New Bill aims to protect plant knowledge of communities

19 August 2002
By Erina Botha

IT IS a well known fact that since the arrival of colonial settlers in southern Africa, South Africa's indigenous plant material has been taken to First World countries where it has been – and continues to be – propagated and commercially exploited with inadequate compensation to SA.

According to UCT environmental lawyer and lecturer, Professor Jan Glazewski, one of the most common examples is Pelargonium (geranium, as it is popularly known), which now widely adorn the flower boxes of European homes. Other well known endemic species are Clivias, Freesias and Gladioli.

Glazewski and UCT law faculty researcher Emma Witbooi, in collaboration with botanists, horticulturists and biotechnologists, are pooling their research efforts to address the challenges of adequate legal protection via recent contributions to the Draft Biodiversity Bill of the Department of Environment Affairs.

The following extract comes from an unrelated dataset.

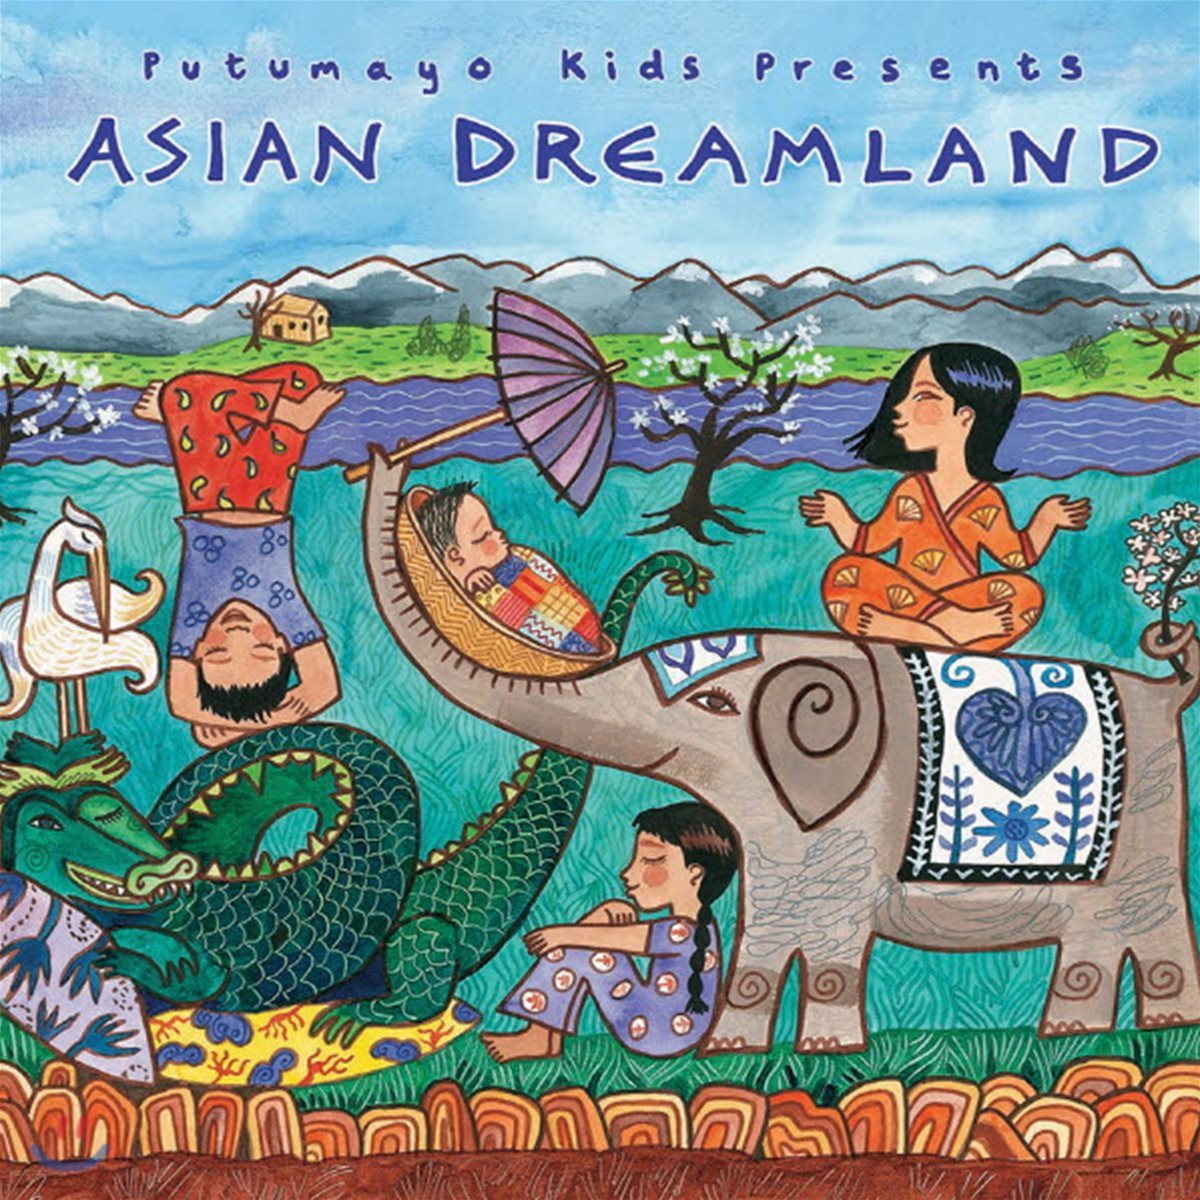 Putumayo Kids Presents Asian Dreamland (푸투마요 키즈 프레젠트 아시안 드림랜드)

The Bill is being compiled in response to South Africa's adoption of the 1992 UN Convention on Biodiversity, the main objectives of which are the conservation and sustainable use of biodiversity and the "fair and equitable sharing of benefits" arising from the exploitation thereof.

Useful information for the drafting of the Bill was also obtained from a National Research Foundation (NRF ) funded study by Witbooi in 2000 titled: 'Biodiversity and the law: Legal issues arising from the implementation of the Convention on Biological Diversity into South African law'.

One chapter of the Draft Bill aims to regulate the phenomenon of "bioprospecting" (the search for wild species, genes and their products with actual and potential use to humans) by introducing legal mechanisms to both regulate the exportation of flora and fauna, as well as the exploitation of associated indigenous knowledge.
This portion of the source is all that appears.